Lettuce Cups With Smashed Eggs and Cherry Tomato Salad

lettuce cups
I love eggs every way except hard boiled. This may have something to do with the way we were forced to eat hard boiled eggs in kindergarten. I’ve been looking for new ways to make hard boiled eggs and still enjoy the meal. This recipe has come in handy, and it’s perfect for lunch or a light dinner.

Ingredients (serves 2):

Smashed Eggs
4 eggs, hard boiled
1 handful of parsley or fresh chives
2 spring onions, finely sliced
sea salt and black pepper
1 bunch baby cos lettuce

Cherry Tomato Salad
1 punnet cherry tomatoes, quartered
2 spring onions, finely sliced
basil leaves, torn, or parsley, chopped
seal salt and black pepper
1/2 tbs olive oil

Mustardy French Dressing
1 tbs apple cider vinegar
1 tsp Dijon mustard
3 tbs olive oil

Method:
Chop the hard boiled eggs, place in a bowl and combine with parsley, spring onion, salt and pepper to taste.

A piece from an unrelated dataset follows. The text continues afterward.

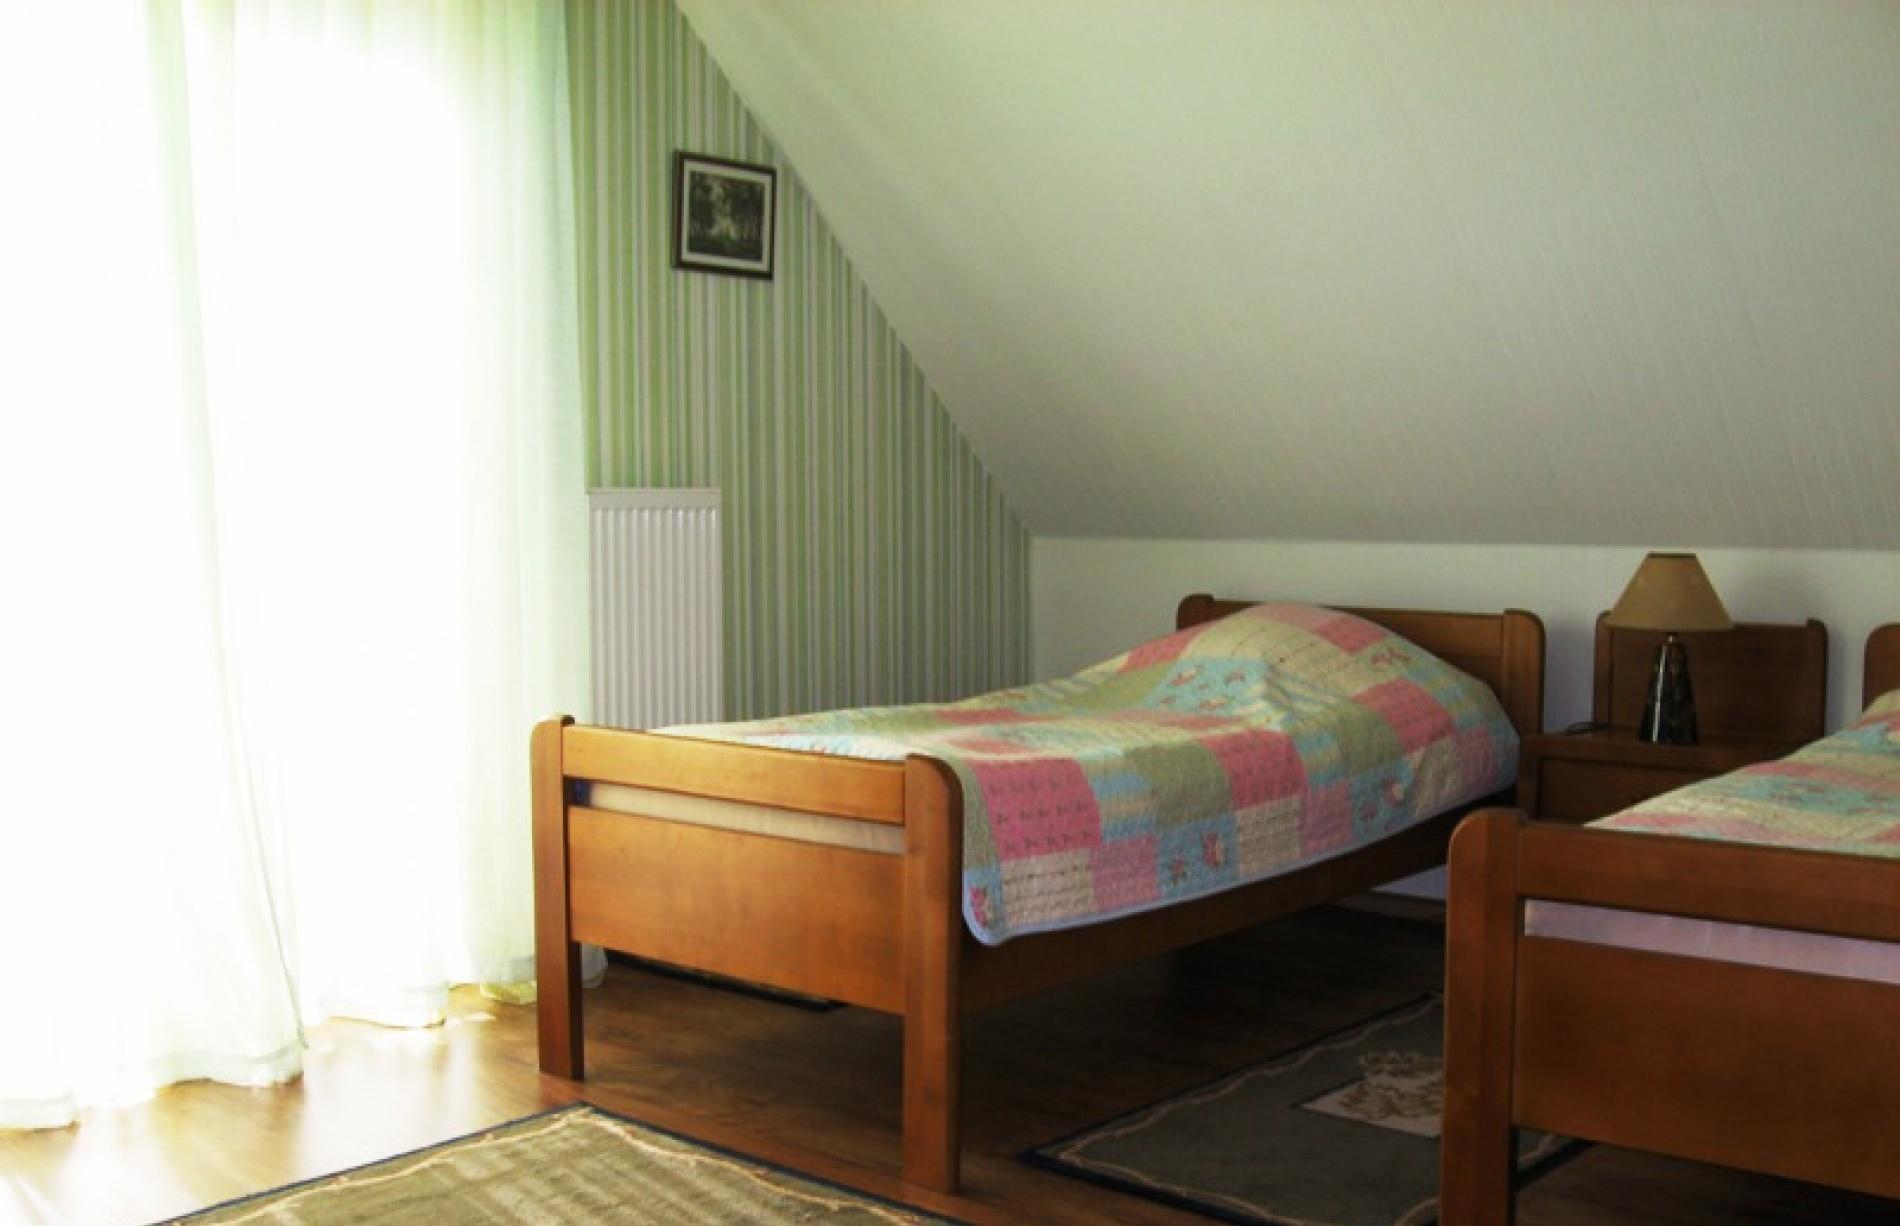 Гостевой дом «Понарт» Калининградская область «Стандарт», фото 2

Combine the tomato salad ingredients in a separate dish. To make the dressing, whisk the apple cider vinegar with the mustard and olive oil until smooth and emulsified. Spoon half of the dressing into the smashed eggs and fold through. Wash the baby cos lettuce and arrange on serving plates. Top with the smashed eggs mixture and the tomato salad. Lightly drizzle extra dressing over the top and serve.